In der Facebookgruppe "Neusser zum Schutz Neusser" diskutieren bereits über 200 Mitglieder wie die Bürger besser geschützt werden können — und das, obwohl die Gruppe gerade einmal eine Woche alt ist. Auch der Allerheiligener Zusammenschluss zählt inzwischen 50 Mitglieder.

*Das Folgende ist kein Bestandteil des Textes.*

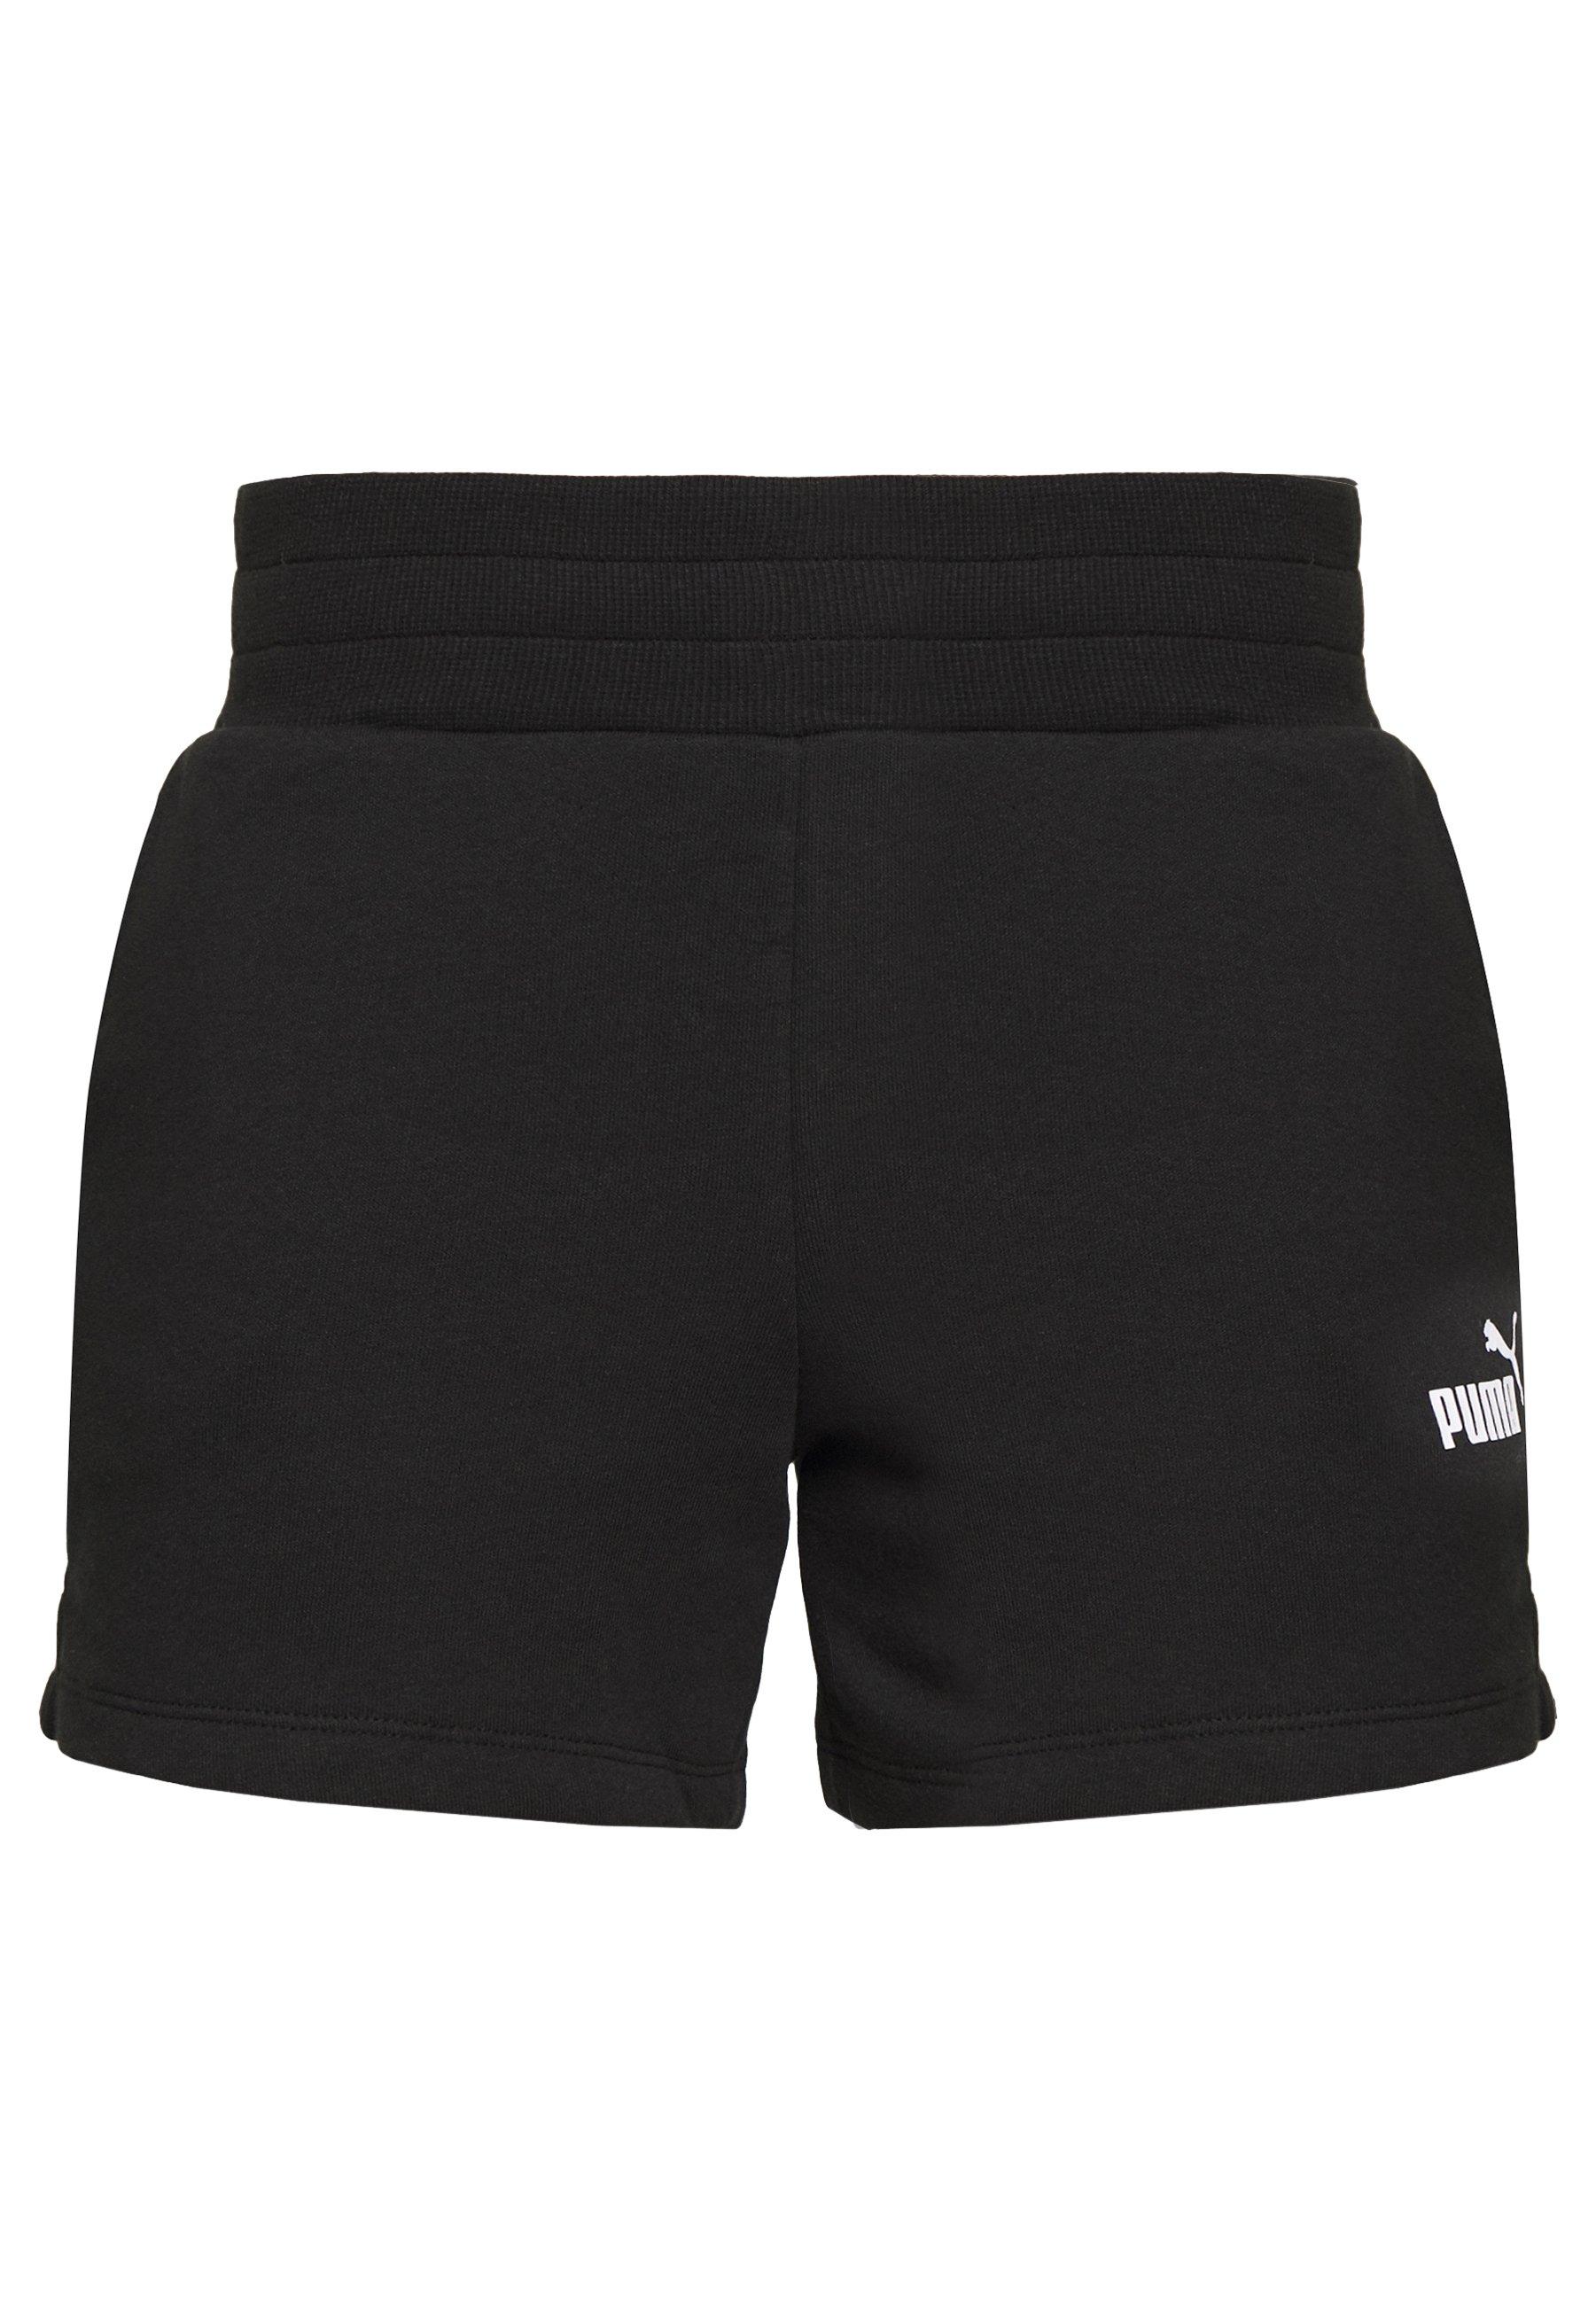 Damen SHORTS - kurze Sporthose

Die Unsicherheit nach den Vorfällen in der Kölner Silvesternacht ist gewachsen. Mehrere hundert Frauen waren offenbar von Nordafrikanern sexuell belästigt, teilweise sogar vergewaltigt worden. Ein Fall, der viele Menschen mit rechtsradikaler Gesinnung in die Facebookgruppe lockte. Gründer Christoph Dohmen stellte bereits einen Tag nach Gruppengründung klar: "Es wird niemand diskreditiert! Egal welche Religion, welche sexuelle Orientierung oder sozialen Stand er hat. Ich will hier keine rechtsradikalen Parolen lesen. Wer sich nicht an die Regeln hält, fliegt in hohem Bogen."

Auch in Allerheiligen, wo am Donnerstag die ersten 101 Flüchtlinge untergebracht wurden, entstand in Facebook eine ähnliche Gruppierung. "Für den Fall, dass sich hier einige Ängste bewahrheiten, wollen wir aufpassen, statt wegzusehen", heißt es in der Beschreibung.

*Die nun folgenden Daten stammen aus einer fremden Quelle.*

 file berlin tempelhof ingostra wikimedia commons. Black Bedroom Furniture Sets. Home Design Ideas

Die Politik sieht solche Initiativen derweil überaus kritisch.

"Solche abscheulichen Verbrechen dürfen nicht wieder passieren", erklärt Reiner Geroneit (CDU), Kreistagsabgeordneter aus Neuss und Vorsitzender des Polizeibeirats im Rhein-Kreis Neuss. "Für die Sicherheit im Rhein-Kreis Neuss ist die Kreispolizeibehörde unter Leitung von Landrat Hans-Jürgen Petrauschke zuständig. Unsere Polizisten im Rhein-Kreis Neuss sind hoch motiviert, leisten sehr gute Arbeit und sind rund um die Uhr in der Lage, für Recht und Ordnung zu sorgen. Dafür möchte ich den Beamten — auch im Namen des Polizeibeirats — ganz herzlich danken."

 Reiner Geroneit (CDU).

Reiner Geroneit (CDU).

Foto: CDU

In der Stadt Neuss wird in diesen Tagen die Gründung einer Bürgerwehr diskutiert. Geroneit: "Wir brauchen keine Bürgerwehren im Rhein-Kreis Neuss. Selbstjustiz ist nicht nur verboten, sondern auch strafbar. Das Gewaltmonopol liegt bei der Polizei. Alle Bürger sind jedoch dazu aufgerufen, wachsam und aufmerksam zu sein — und bei Auffälligkeiten sofort die Polizei zu informieren."

Aufgabe der rot-grünen Landesregierung sei es nun, die Ereignisse in Köln umfassend aufzuklären, die Täter zu ermitteln und die politischen Konsequenzen aus der Silvesternacht zu ziehen.

Auch Bürgermeister Reiner Breuer verurteilte die Bildung von Bürgerwehren. Auf dem Neujahrsempfang der SPD forderte er mehr Vertrauen gegenüber der Polizei.

Sebastian Rosen zeigt dagegen Verständnis: "Das Problem ist der Begriff der ,Bürgerwehr'. An sich ist es ja nichts schlechtes, aufmerksamer zu sein — genau das ist ja auch der Wunsch der Polizei." Die erste Versammlung der Neusser Gruppe findet Ende Januar statt.